La Maturità 2020, l’anno orribile per gli adolescenti che hanno perso emozioni che nessuno restituirà più

by Claudio Botta

È da sempre – e resterà per sempre – lo spartiacque tra l’adolescenza e l’ingresso ufficiale nell’età adulta, nel mondo dei ‘grandi’ o presunti tali (perché non possono sapere, gli aspiranti, che quelli certificati dalla carta d’identità da un certo punto in poi passeranno il resto della loro vita a cercare di fermare il tempo o addirittura di tornare indietro, impresa impossibile in natura – nonostante la chirurgia estetica – perché il tempo scorre sempre e solo in avanti) . L’esame di maturità è il primo, vero passaggio esistenziale indimenticabile. La fine di un ciclo, poi davanti a sé l’estate più lunga e (apparentemente) spensierata. 

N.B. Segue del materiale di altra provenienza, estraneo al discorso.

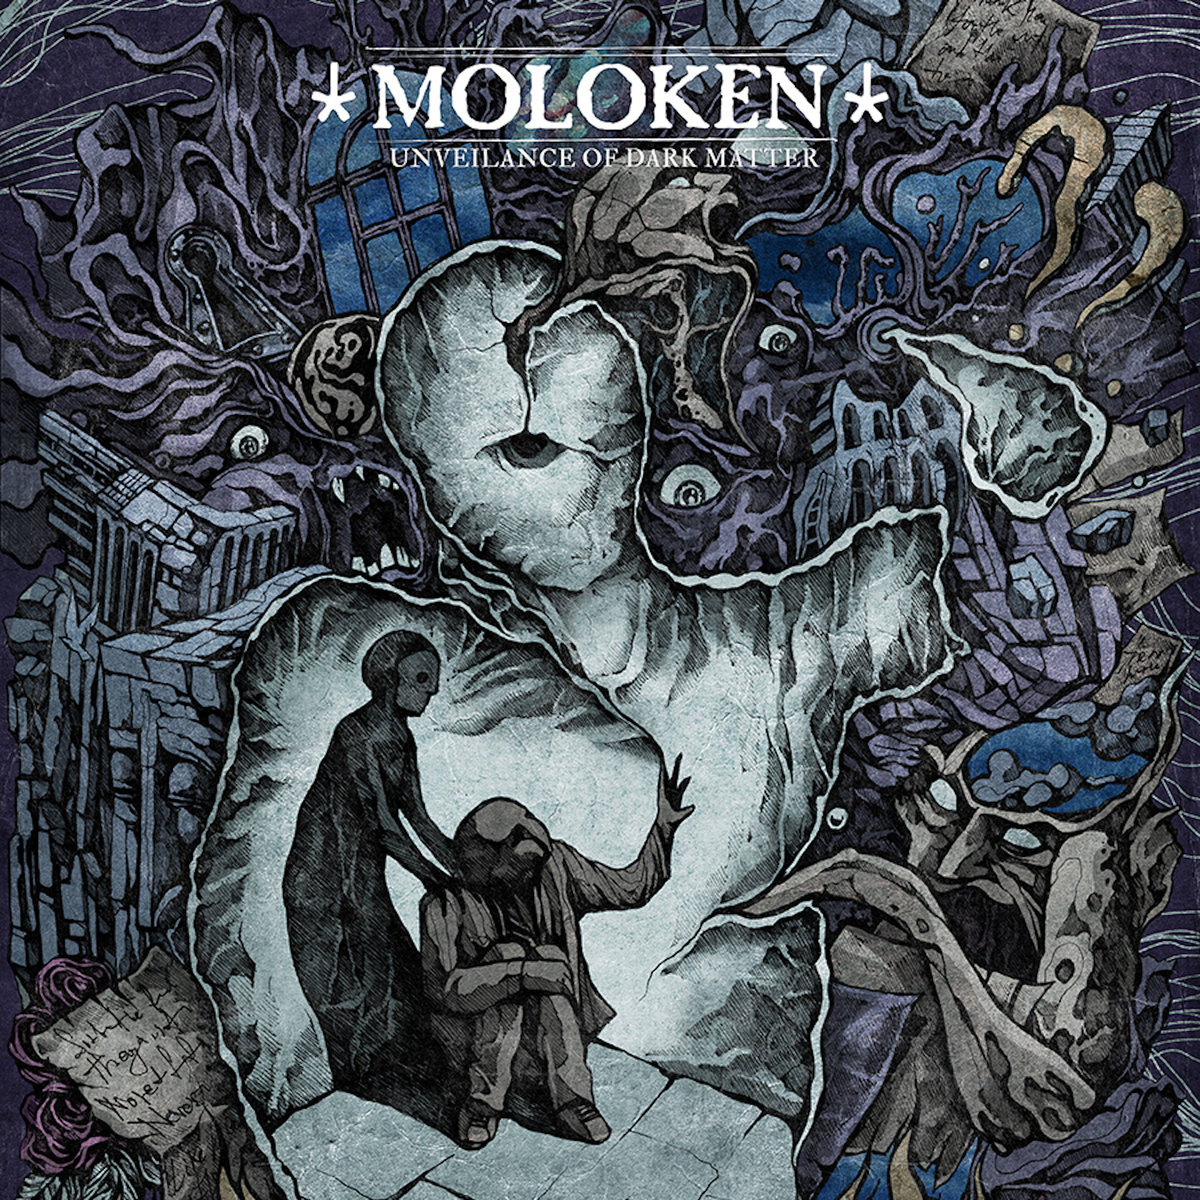 Moloken

Ma il 2020, l’anno del Covid-19, rappresenterà un’eccezione epocale, per l’accesso negato, ai ragazzi all’ultimo anno delle superiori, a tante emozioni ed esperienze che andranno “perse per sempre, come lacrime nella pioggia”. Il lockdown, la brusca interruzione delle lezioni in aula, ha calpestato l’ansia dell’incontro fisico casuale o cercato, il batticuore da innamoramento, non importa se ricambiato, la possibilità di coltivare rapporti di persona o non filtrati da uno smartphone, nonostante l’abuso e l’overdose da Instagram stories. L’eccitazione del mostrarsi per intero, anche attraverso un outfit nuovo e un taglio di capelli diverso per fare colpo o per farsi notare, non essere ignorati. 

Ha cancellato, il lockdown, il “viaggio d’istruzione” che si chiama così solo tecnicamente ma che è di fatto “la gita dell’ultimo anno”, e quello che succede nelle ore borderline è infinitamente più importante del diario di bordo, anche se sei a Parigi o a Praga con l’insegnante più appassionata e preparata del pianeta. 

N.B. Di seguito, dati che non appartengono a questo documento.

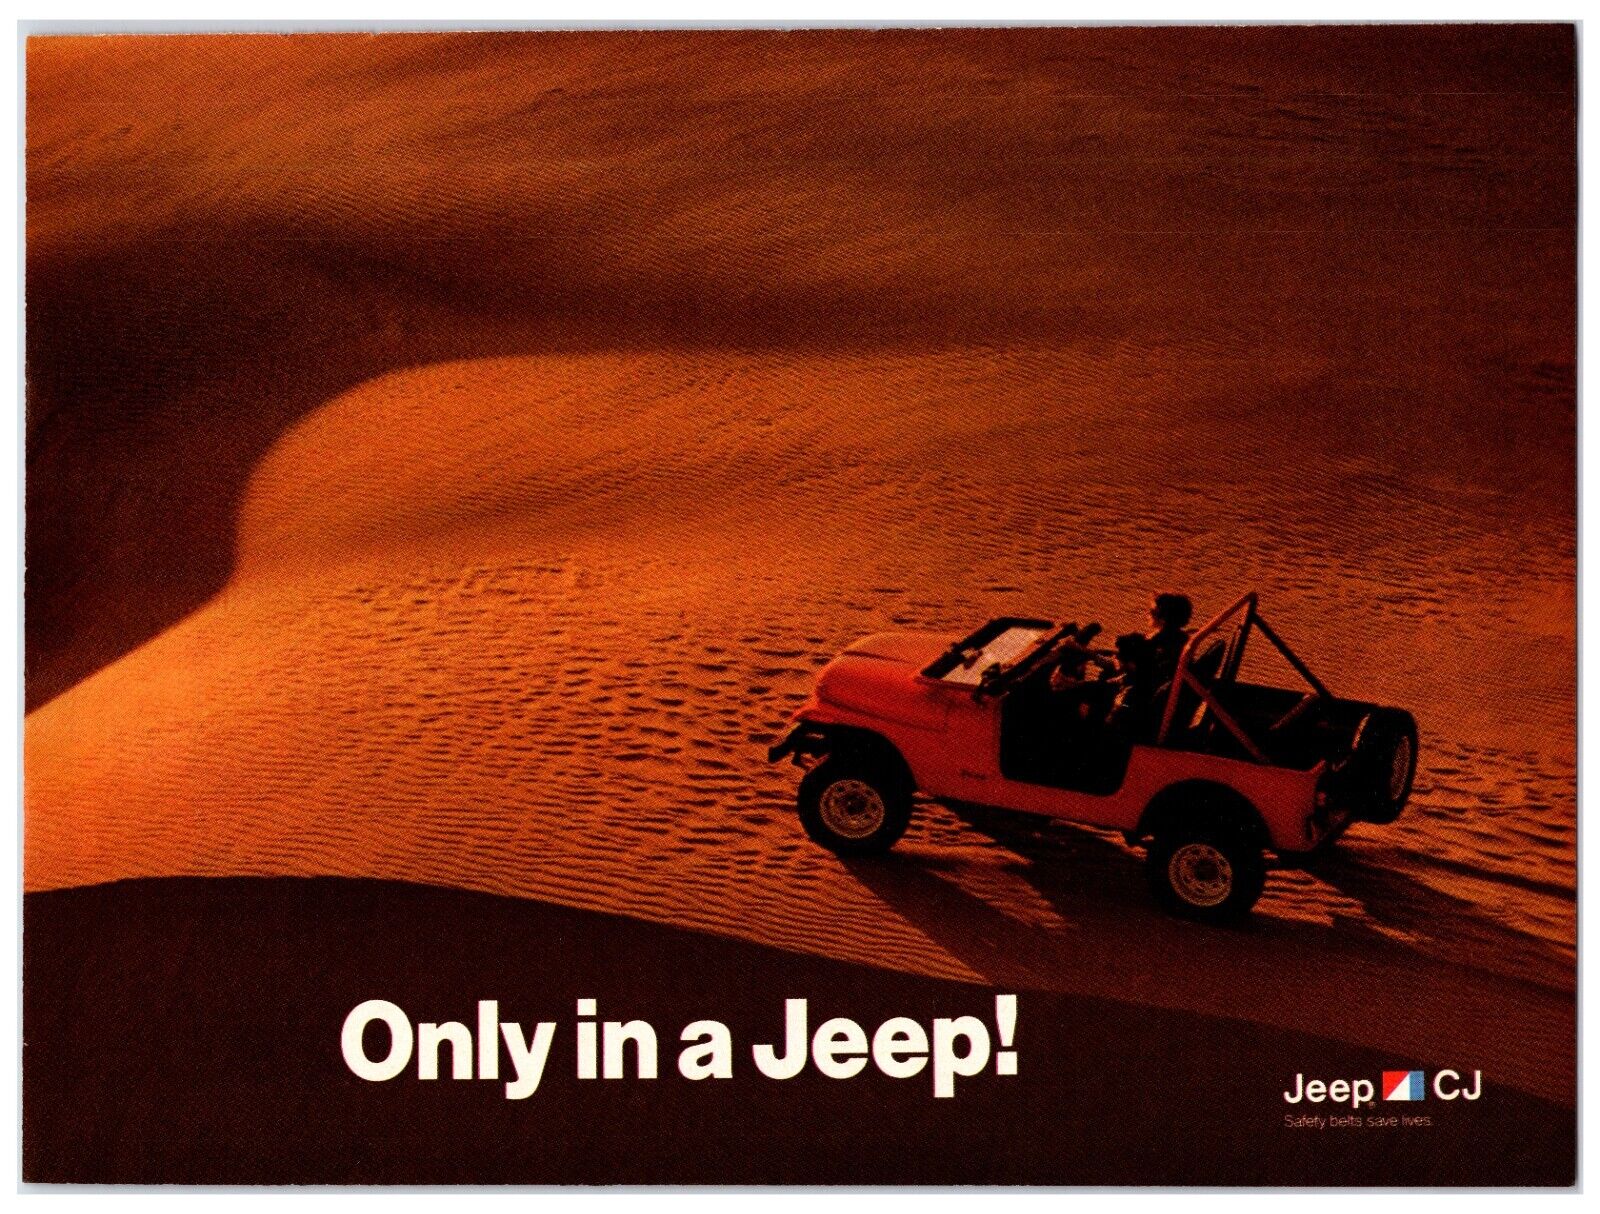 Original 1985 Jeep Cj's - Original Print Ad (8x11) *Vintage Advertisement*

Il distanziamento è la negazione della gioventù, come ben sanno tutti quelli che giovani lo sono stati: quando accade, in tempi normali, è spesso sinonimo di isolamento, di solitudine, di problemi. Per questo, sono gli adolescenti quelli che più hanno sofferto questi lunghi mesi di buio e terrore, addirittura inconsapevoli che il tempo loro rubato – per ragioni sacrosante – non verrà mai più restituito e nemmeno congelato. E l’esame che è iniziato stamane per loro è un altro inganno: della ‘vecchia’ maturità è solo una pallida imitazione, un surrogato. Senza le prove scritte, i giorni e le notti passate a indovinare tracce e sviluppare temi da imboscare in cartucciere improvvisate, o tra le pagine dei dizionari o nelle note del telefono, e poi i giorni e le notti successive insonni per le altre materie.

L’adrenalina impossibile da gestire – a meno di non essere sedati – e l’aumento parallelo dei caffè e delle camomille. La voglia di abbracciarsi, prima ma soprattutto dopo, di correre insieme stretti stretti verso il futuro facendosi promesse difficili se non impossibili da mantenere, ma nemmeno questo possono sapere, i giovani dell’estate 2020 che potranno festeggiare la loro “maturità” chissà come e chissà dove. In discoteca, se ci andranno, dovranno ballare parlare comunicare a distanza, un ossimoro che si fa finta di non notare per salvare le attività economiche e un comparto strategico, e la loro voglia di spensieratezza e divertimento. In vacanza all’estero (il classico regalo post promozione, indipendentemente da status e reddito), le scelte sono ancora legate alle curve dei contagi nei vari paesi, e in Spagna, Grecia, Inghilterra, Francia la situazione continua ad essere monitorata giorno dopo giorno, così come in Italia. E così anche la loro prima estate in un lungo stato di sospensione tra due mondi legati da un filo sottile rischia di diventare banale, ripetitiva, causa ‘turismo di prossimità’, altro ossimoro per chi aspetta di buttarsi, con paracadute o senza, in realtà sconosciute. E con limitate possibilità di nuovi incontri, nuove esperienze. 

Impossibile quindi giudicarli obiettivamente, considerando solo le risposte alle domande che verranno loro poste in un’ora di colloquio, senza mettere sull’altro piatto della bilancia tutto quello che hanno perso (oltre a un corso di studi regolare, nonostante l’impegno profuso dai docenti nella didattica a distanza) e che perderanno. Si può solo sperare nelle altre prove che la vita riserverà loro. Magari capaci di compensare questo anno inclassificabile, tutto da dimenticare e ricordare.